A PDF that's too large for an email attachment is a common, avoidable problem. Here's a practical order of operations to get it under control without degrading the document more than necessary.
Step 1: Compress Before Anything Else
Compression is almost always the highest-leverage step, especially for PDFs containing scanned pages or embedded photos, which tend to dominate file size. A moderate compression pass can often cut file size dramatically with minimal visible impact, since:
- Scanned images are frequently stored at a much higher resolution than needed for on-screen or even printed reading.
- Office-software-generated PDFs often carry redundant metadata, unused embedded fonts, or duplicate resources that compress away losslessly.
Always try compression first before considering more disruptive options like splitting the document.

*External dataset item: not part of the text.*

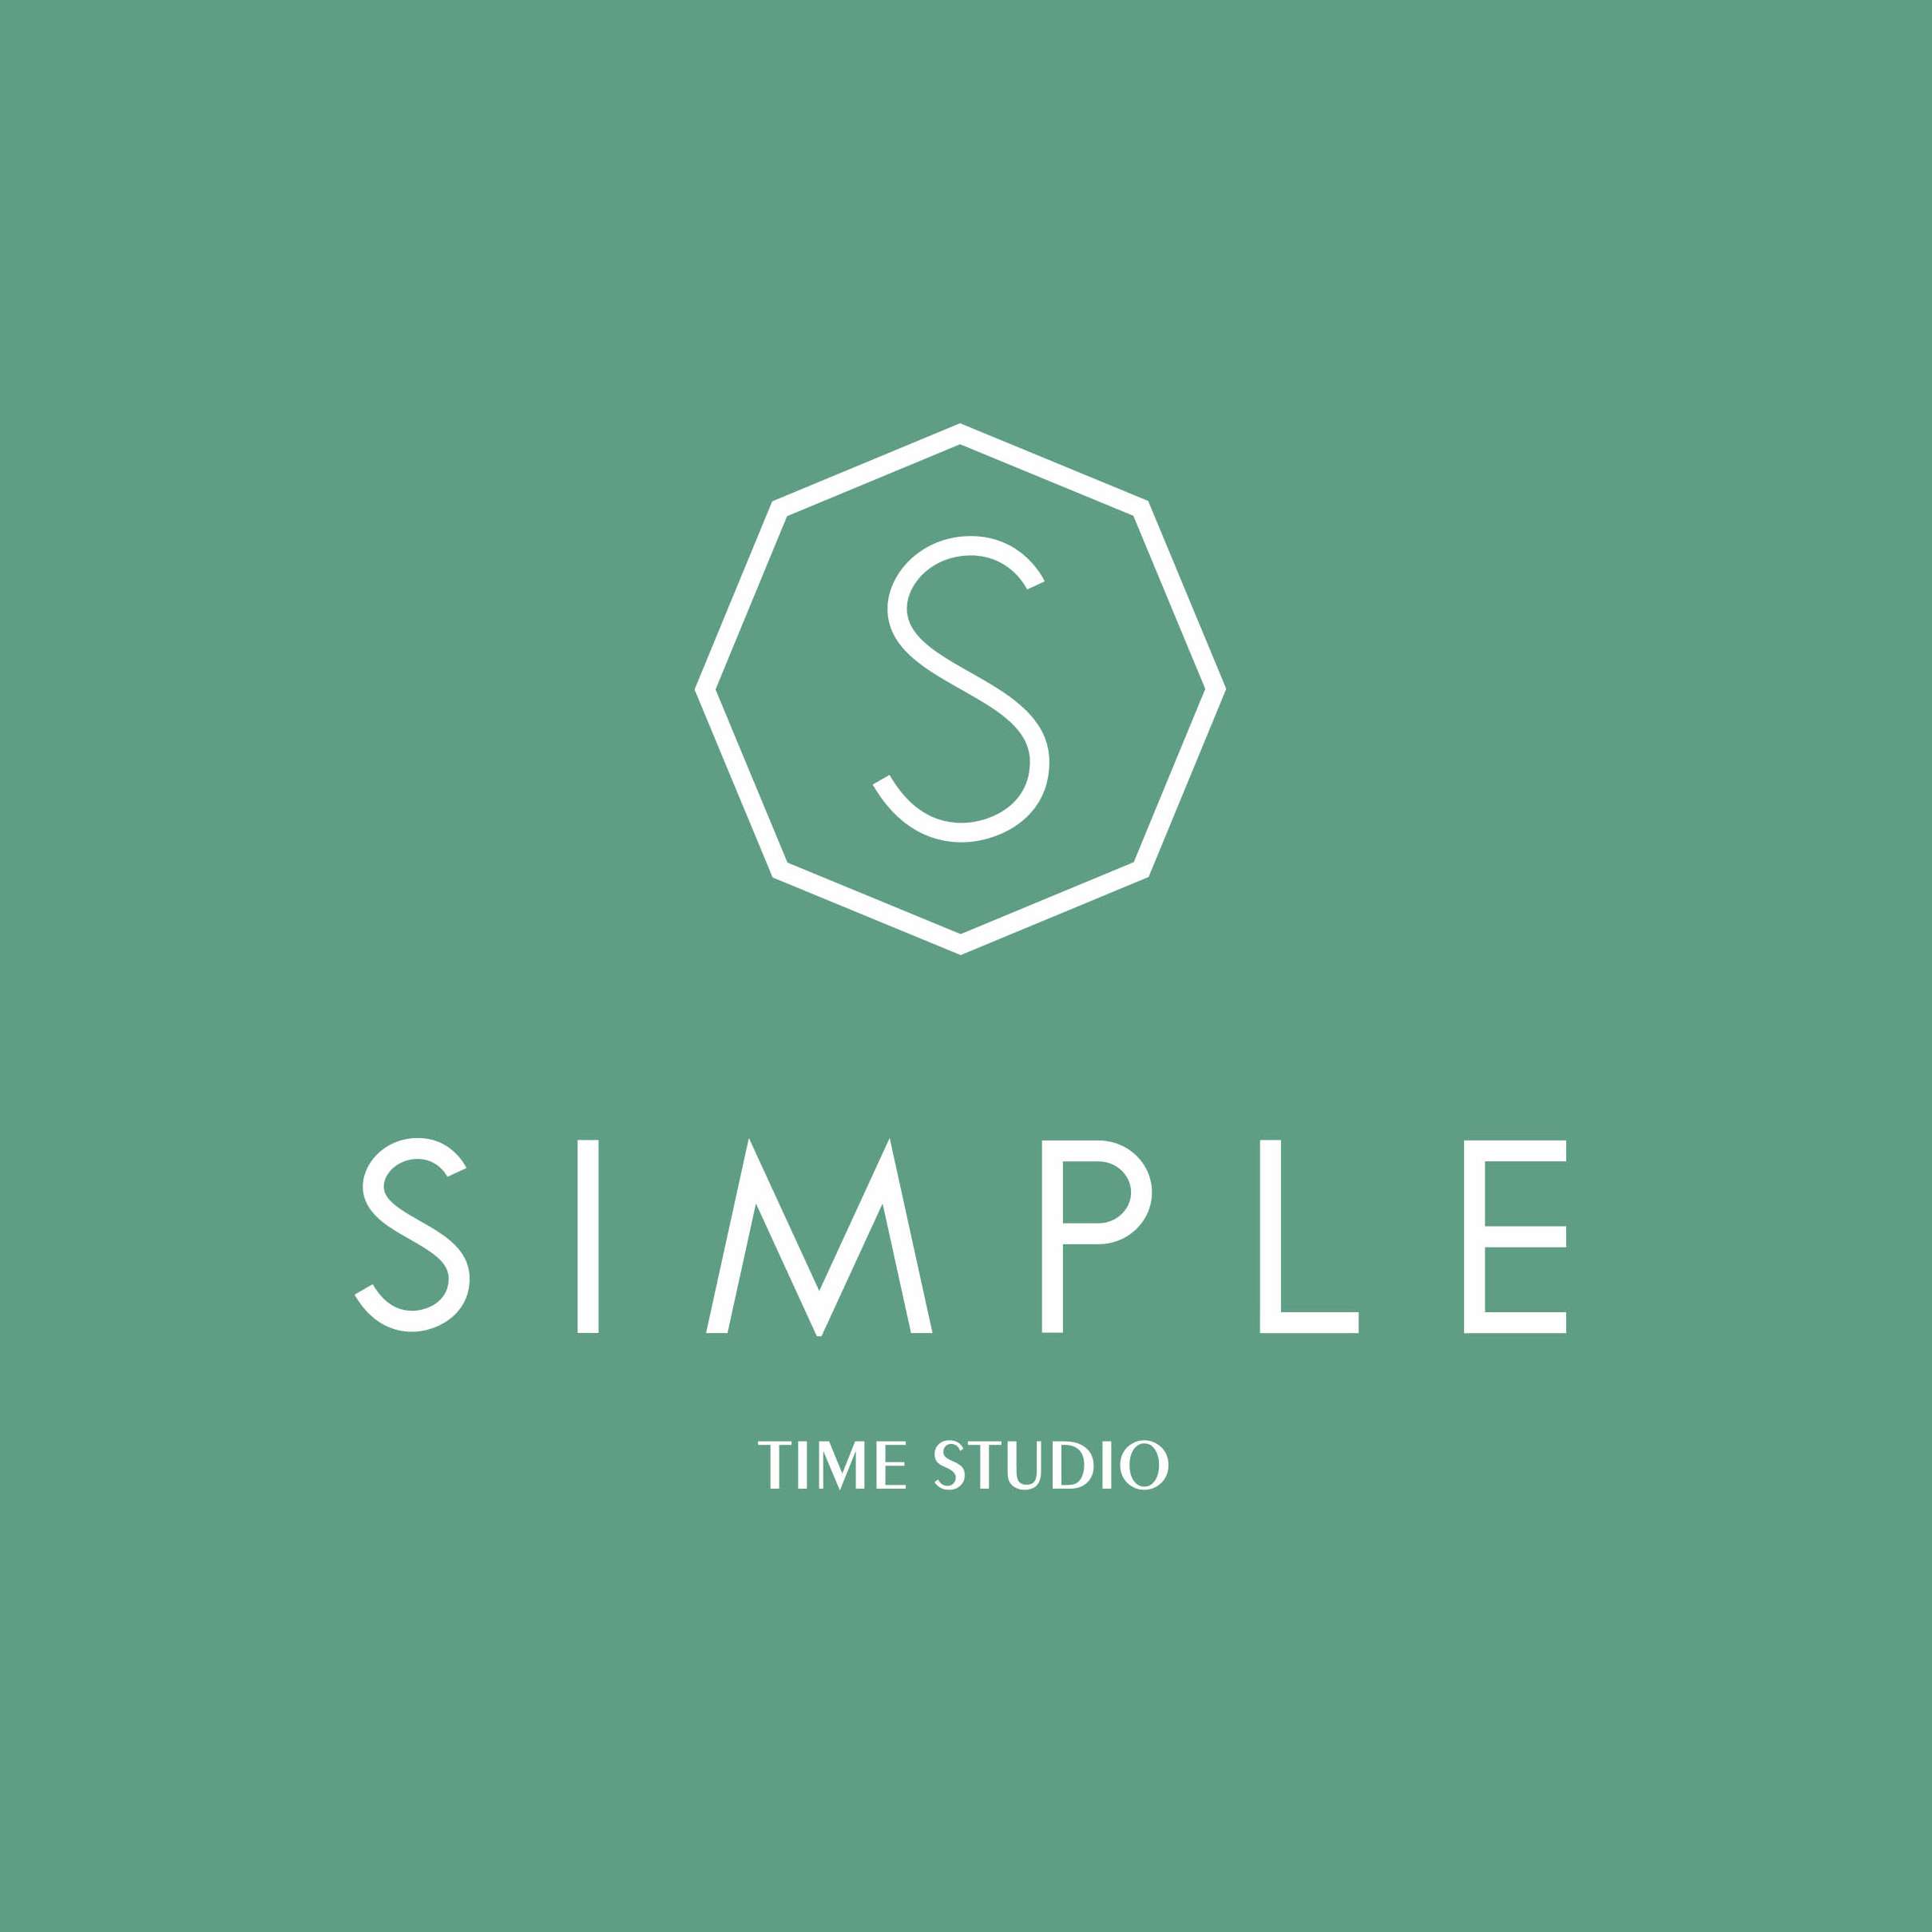 SIMPLE TIME STUDIO 
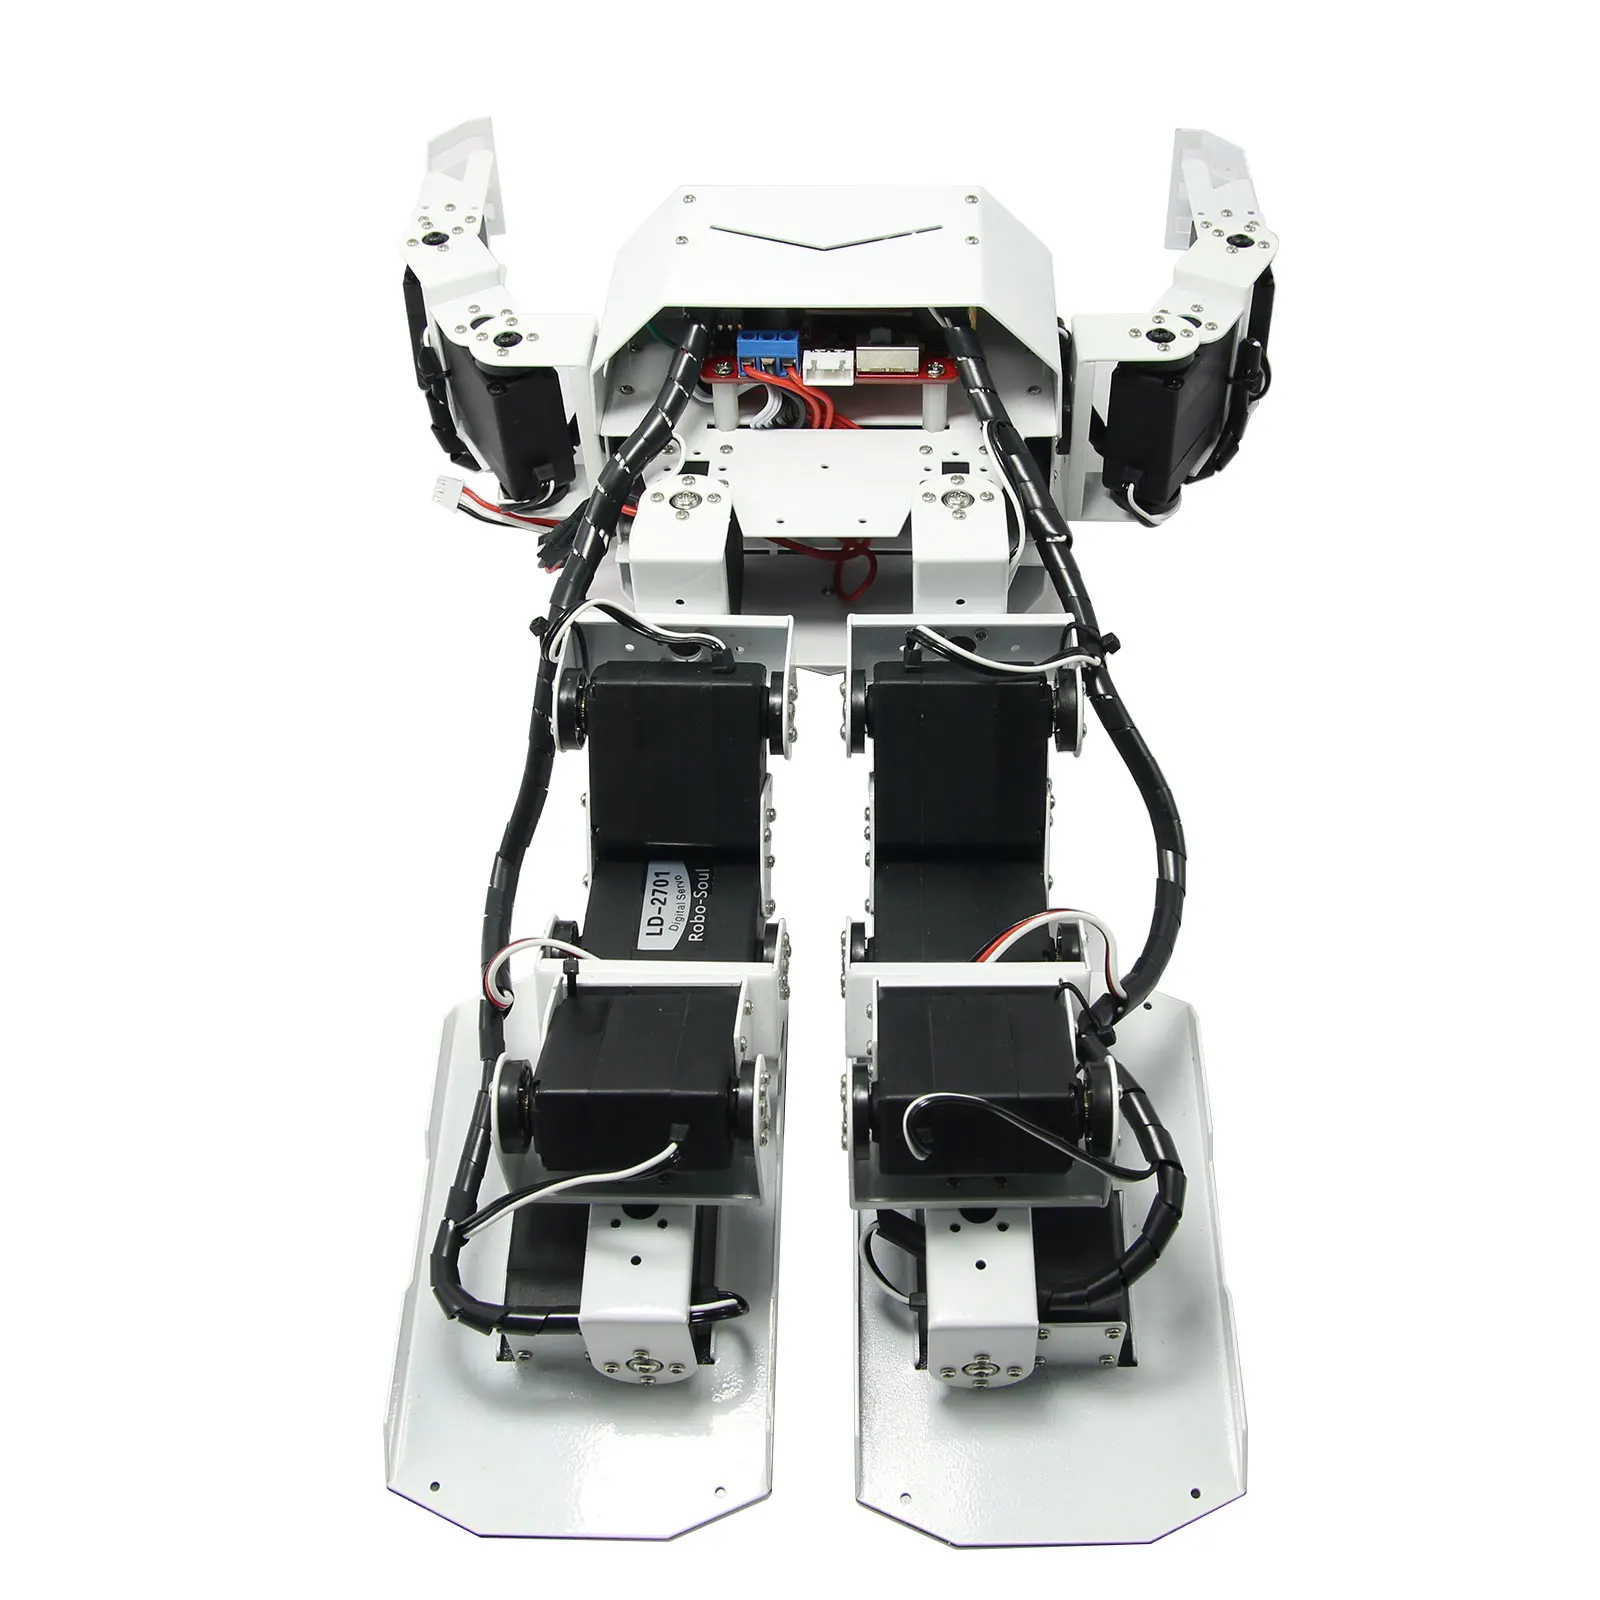 Biped Robtic 17DOF Robo-Soul H3.0 Two-Legged Human Robot Aluminum Frame kits Red

Step 2: Check What's Actually Large
If compression alone doesn't get you under the limit, open the PDF and get a sense of what's taking up space:
- Many scanned pages: Each additional scanned page adds a roughly consistent amount of size — a 50-page scanned document will be large almost no matter what, since there's a lot of image data to store.
- A few very large embedded images: Sometimes one or two high-resolution photos dominate the file size disproportionately, and addressing just those (higher compression, or replacing with a smaller version) can help more than blanket compression.
- Unnecessary pages: If the recipient only needs certain sections, splitting out just the relevant pages is often smaller and more useful than sending the whole document compressed.
Step 3: Consider Splitting Only If Necessary
If the recipient genuinely needs the entire document and compression isn't enough, splitting into multiple smaller PDFs (attached across a couple of emails, or one email with several attachments) is a reasonable fallback. It's more work for the recipient to reassemble mentally, so treat it as a secondary option, not a first resort.
Step 4: Avoid Common Mistakes
- Don't compress repeatedly across multiple passes. Re-compressing an already-compressed PDF rarely helps further and can degrade image quality unnecessarily with each pass. Start from the original file each time you adjust settings.
- Don't compress after signing. As covered elsewhere, compression changes the underlying file bytes, which can invalidate a digital signature. Compress first, sign last.
- Don't assume "zip the PDF" helps. PDFs are typically already internally compressed; wrapping one in a ZIP archive rarely reduces size meaningfully and adds an extra step for the recipient to unzip.
A Simple Checklist Before Sending
- Compress the PDF using a moderate setting.
- Check the resulting size against the recipient's likely limit (assume 10-25MB unless you know otherwise).
- If still too large, check whether all pages are actually needed, or whether a couple of oversized images can be targeted specifically.
- Only split into multiple files as a last resort, and let the recipient know it's coming in parts.
Following this order gets most PDFs under typical email limits in a single pass, without unnecessary quality loss or extra hassle for whoever receives it.